Wednesday, August 1, 2012

On LIfe's Storms



When one says his life is in a storm, he means he is in trouble. In another way, the word storm is used positively as in "the people stormed the show". We've been having stormy days lately in Manila. Due to a shallow low pressure, the storm named Gener has been devastating northern Luzon.

In central Luzon, floods inundate low lying areas, and landslide cover communities. Well, my country is an archipelago, surrounded by water, and in monsoon season, typhoons storm the islands. Storms can be devastating, life may be lost as well as properties.
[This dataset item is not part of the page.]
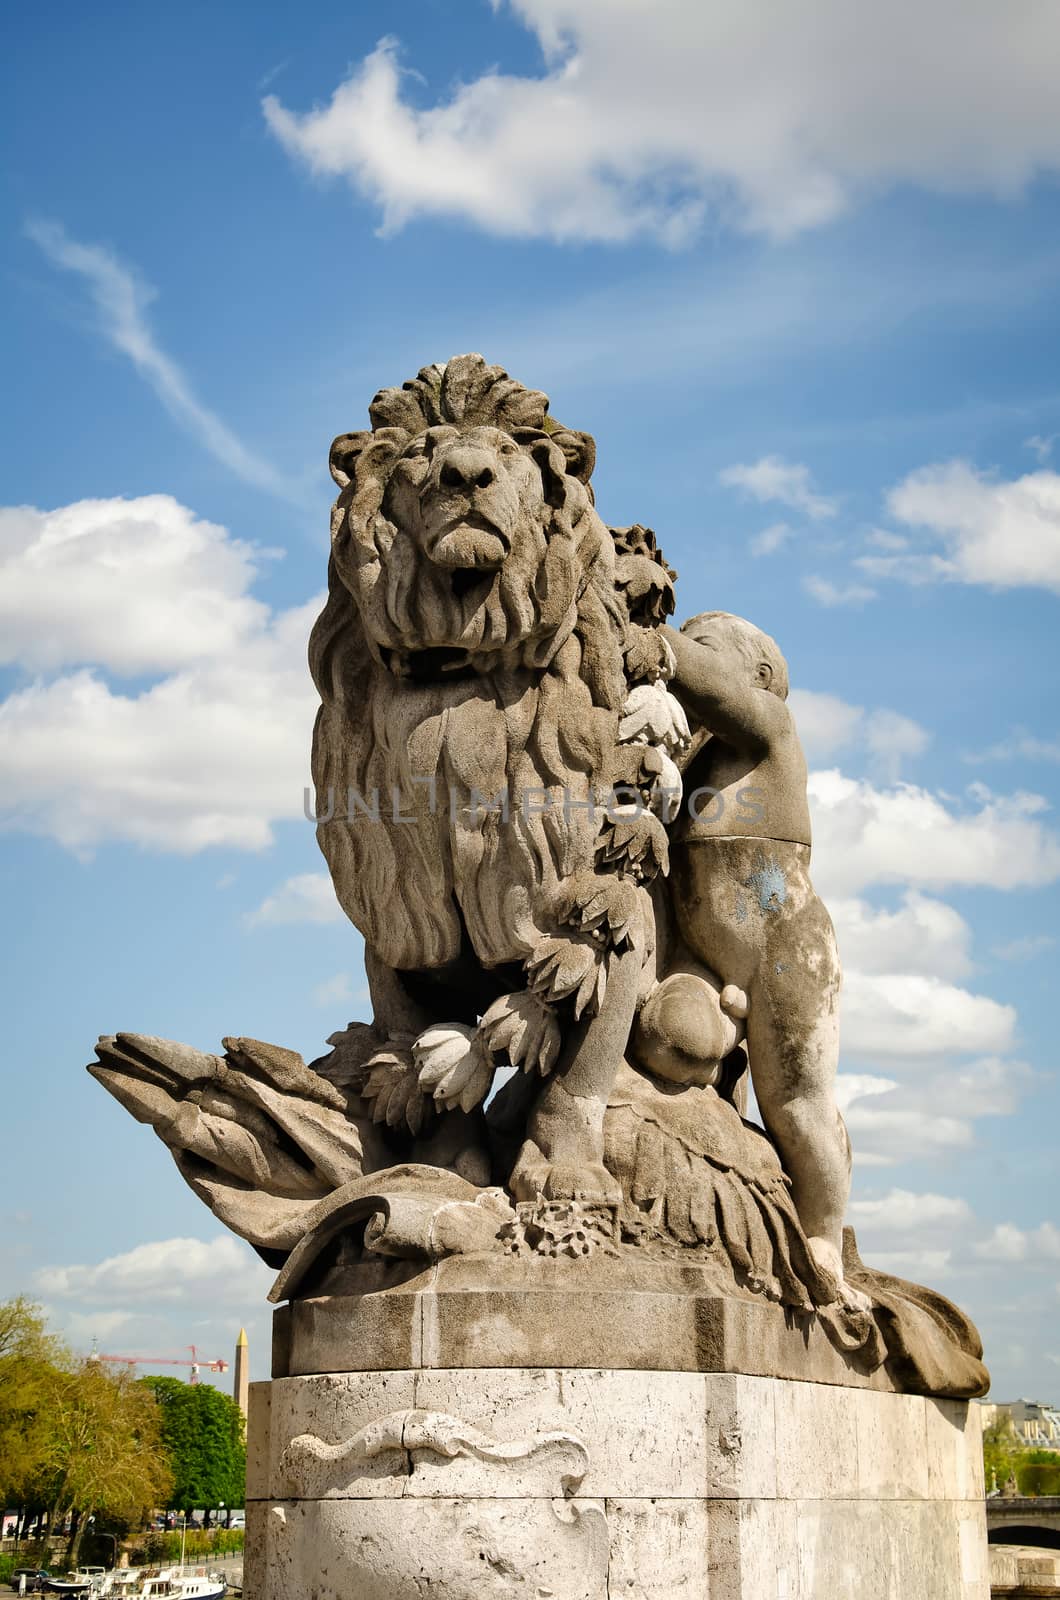 The sculpture Lion steered by a child at Alexander III bridge by Valegorov

Hence, we apply it as a metaphor to our very own struggles.

Thankfully, life is going smoothly for me, at least when it comes to my personal concerns. With my mom and my kins I don't have any problems dealing with them. With my work, I deal well with my colleagues. Amiable as I am I keep smooth interpersonal relationships, not to avoid disagreements but simply to maintain influence that I need in most situations.

Ah, something reminds of that repeated question I was asked as to whether have I been in any disagreement with my colleagues, superior or any one I work with. I could not really remember anything. Disagreements are conflicting situations. I find them arising like storms when one of either parties think better of his self or thinks unequal with others.

It's like the storm, when the wind shows its strength over the waters, it brings water and gusts to destroy lands. I answered that question, fairly well I guess: that I am a peacemaker, and I act as mediator in most situations. I do enter into arguments. I do disagree with some views. But, I have my way in the argument and so accept my defeat with a better debater. I can cash in my ideas and obtain agreement without really disappointing anyone.

The point is I treat people equally. I don't think highly about myself. I appreciate, while I keep an eye on areas of improvement. I call it that way because I'd rather see the positive in things than otherwise, so I get to be in sync with others. I also apply this in dealing with my students and superior. The thing is I don't have to create a storm to make myself known. I'd rather be the humble breeze that chills a restless soul. I'd rather throw a sunny smile and vent my rage somewhere else, to keep my day bright.